Analysis of gene expression has indicated that not all nif genes that are present are expressed in the environment (Noda et al., 1999; Zani et al., 2000), at least not at the same time. Although the regulatory cascade controlling nitrogenase gene expression is relatively well known in some enteric bacteria, little is known of the regulatory mechanisms in most prokaryotes. Interactions between microorganisms, such as the supply of photosynthate from autotrophs to heterotrophic bacteria as well as endogenous rhythms can drive the patterns of nif gene expression in the environment. Although it is difficult to work with mRNA from many natural sample matrices, much more work is needed in the area of gene regulation in the environment.

Genomics

The use of nitrogenase gene sequences to describe diazotroph diversity is somewhat limited by the use of nifH, as it is very highly conserved and the use of one gene for phylogenetic analysis can be misleading. A large number of microbial genomes have now been sequenced, although there are still relatively few different major branches of the prokaryotes represented by genomes that contain the structural nif genes (nifHDK) in the microbial genome database. Nonetheless, it is clear that the genomic context provides information for studying phylogenetic relationships based on gene organization rather than molecular sequence of individual genes, as well as studying lateral gene transfer (Fig. 4). Furthermore, the different nitrogenase homologues can be differentiated on the basis nif gene arrangements (Dominic et al., 2000) and by the presence and absence of specific nif and related genes in the genome (Fig. 4). In methanogenic Archaea, the nifH and nifDK genes are separated by glnB homologues, the gene for the regulatory protein PII (Fig. 4). These differences provide targets for directed molecular assays. It will be interesting to see if the gene arrangements from cultivated microorganisms are representative of the arrangements found in natural assemblages. It is likely that many surprises are in store when the genomic context of nif genes is investigated in the environment.

Conclusions

There are distinct distribution patterns of diazotroph phylotypes across ecosystems. Different clusters of diazotrophs are found in different types of habitats with some similarities between physically similar habitats such as sediments and marsh soils. On the other hand, some habitats have unique and divergent populations. In some cases these diazotroph phylotypes are found even in the absence of strong N limitation.

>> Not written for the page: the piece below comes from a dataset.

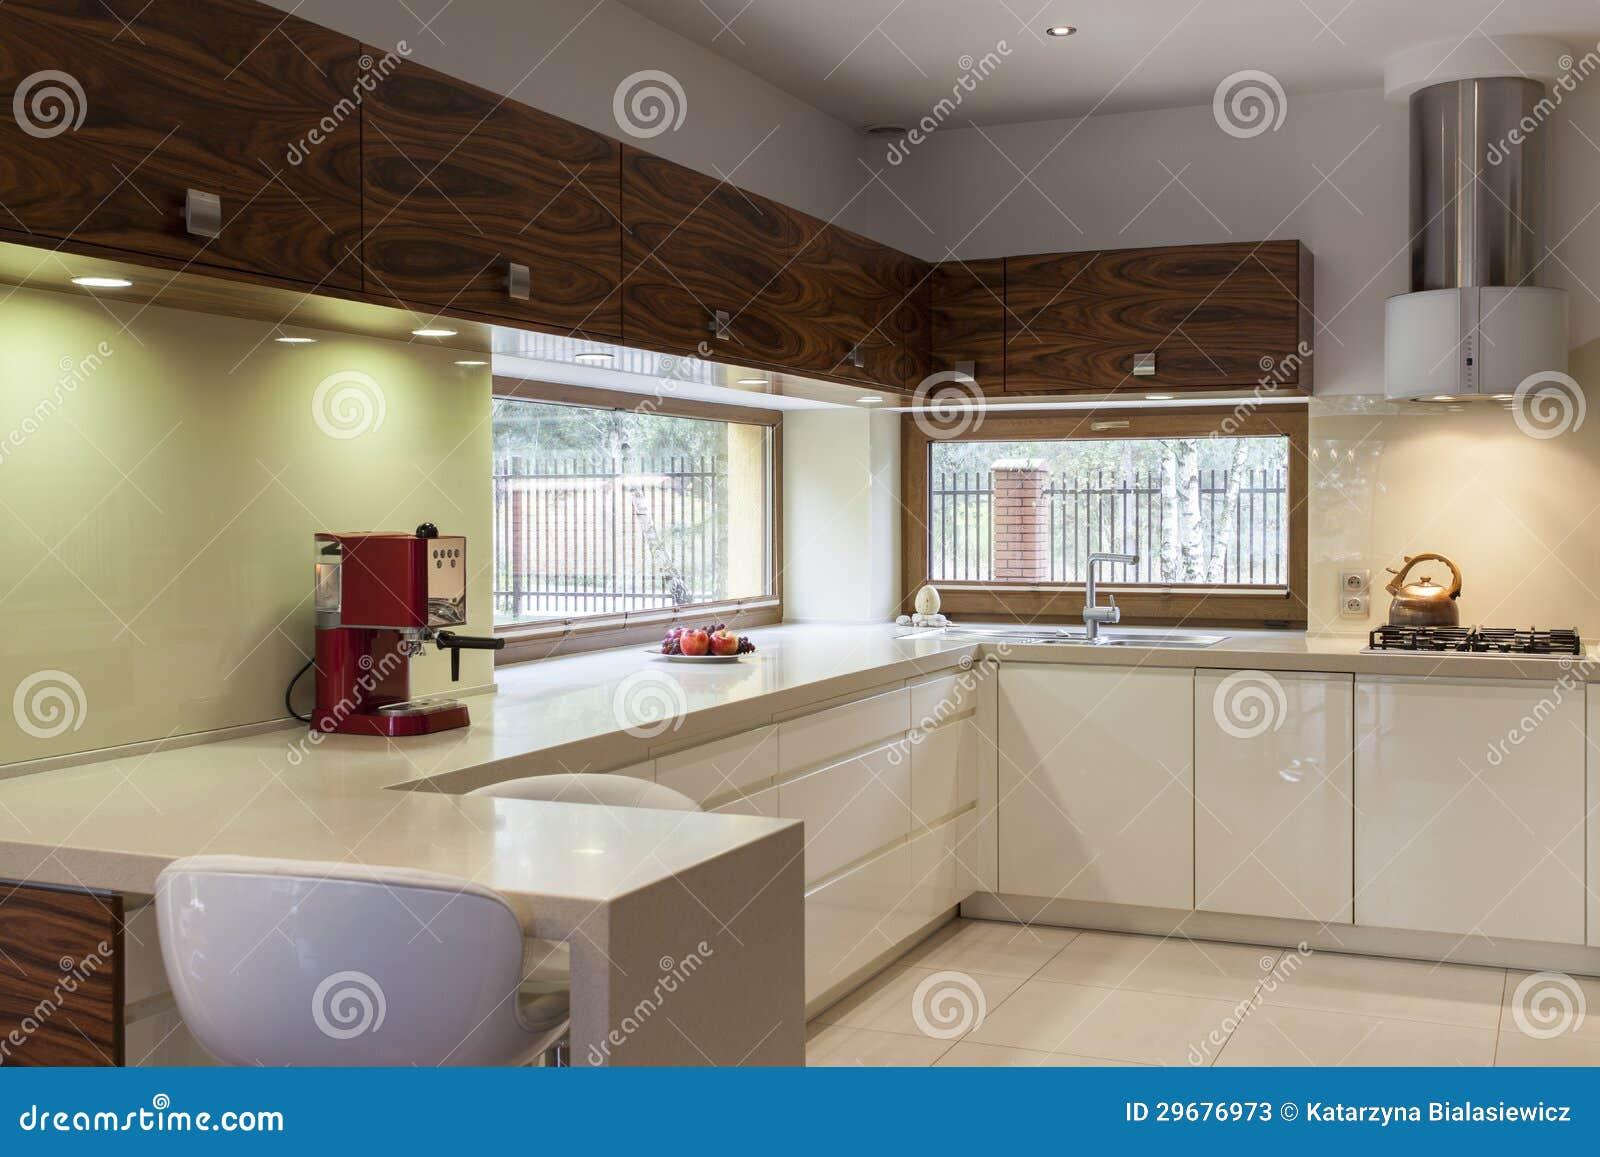 Cocina blanca con muebles de madera fotos de archivo for Cocinas con muebles

The expanding genomic database has provided information on genome context as well as sequence information that can be used in the next generation of environmental nitrogenase studies. The use of nifDK gene sequences can provide additional supporting or contrasting information for evaluating nifH phylotypes. The gene organization data provides context that can resolve phylogenies of some of the phylotypes that are difficult to conclusively identify. However, representation of N2 fixing microorganisms in the database of sequenced genomes is still poor.

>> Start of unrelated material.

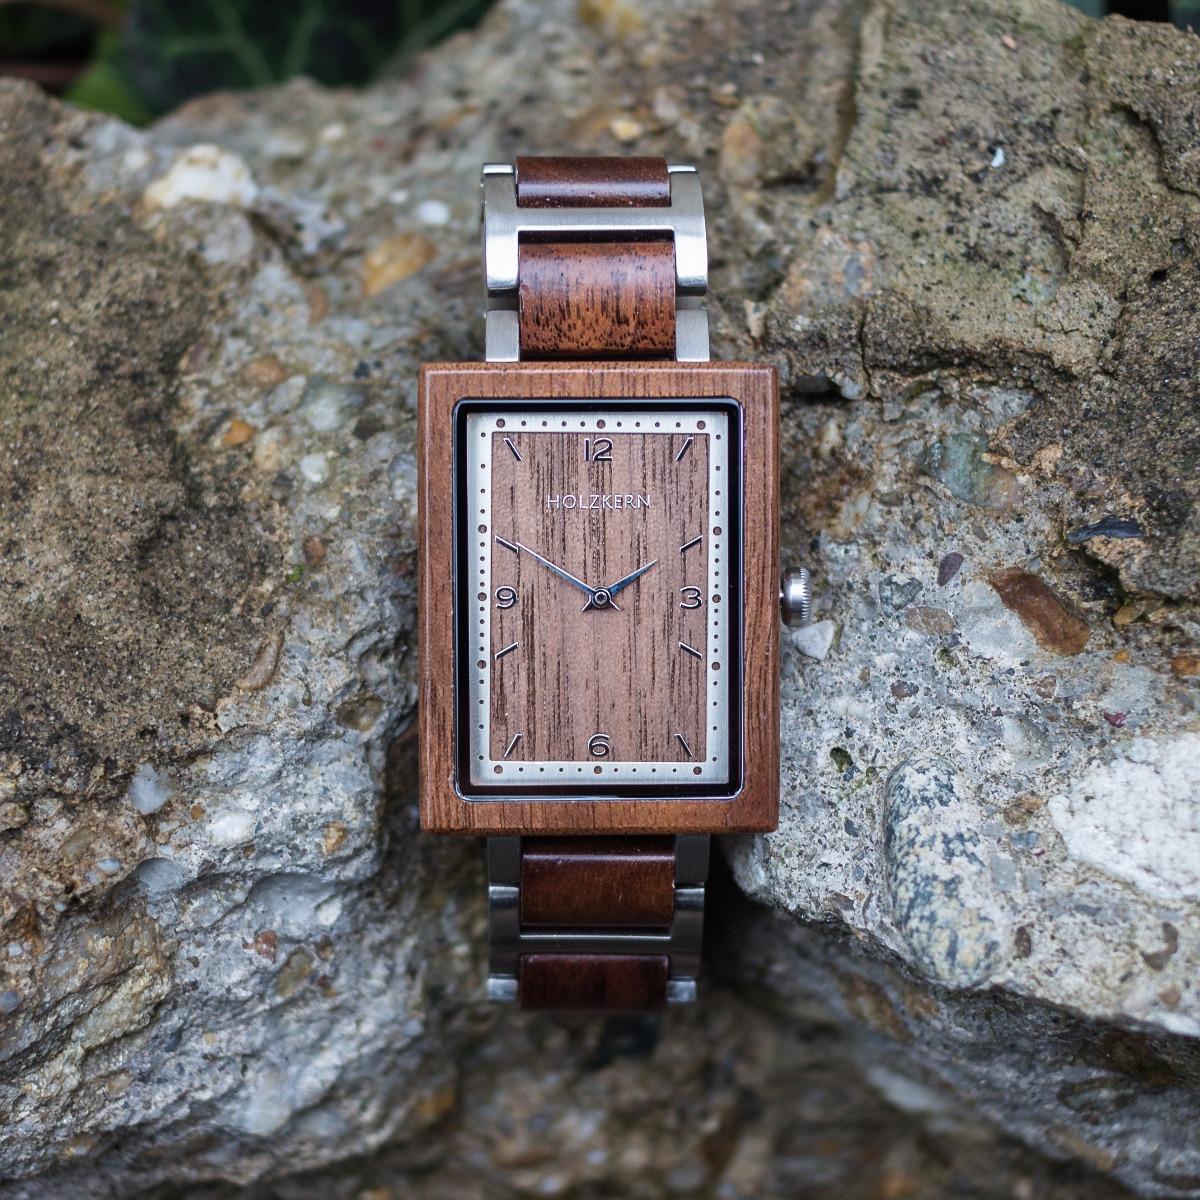 Das Modell Spagna ist eine Holzuhr aus Walnuss & Edelstahl in Silber

Ultimately, expression analyses and possibly proteomics approaches will be critical for identifying the factors controlling N2 fixation in the environment. Expression data is the key to identifying the microorganisms that are active in N2 fixation, but more generally to understand the factors involved in controlling the distribution of nitrogenase gene-containing microorganisms in the environment. This information will help us to understand the links between diversity of functional genes and biogeochemical activity.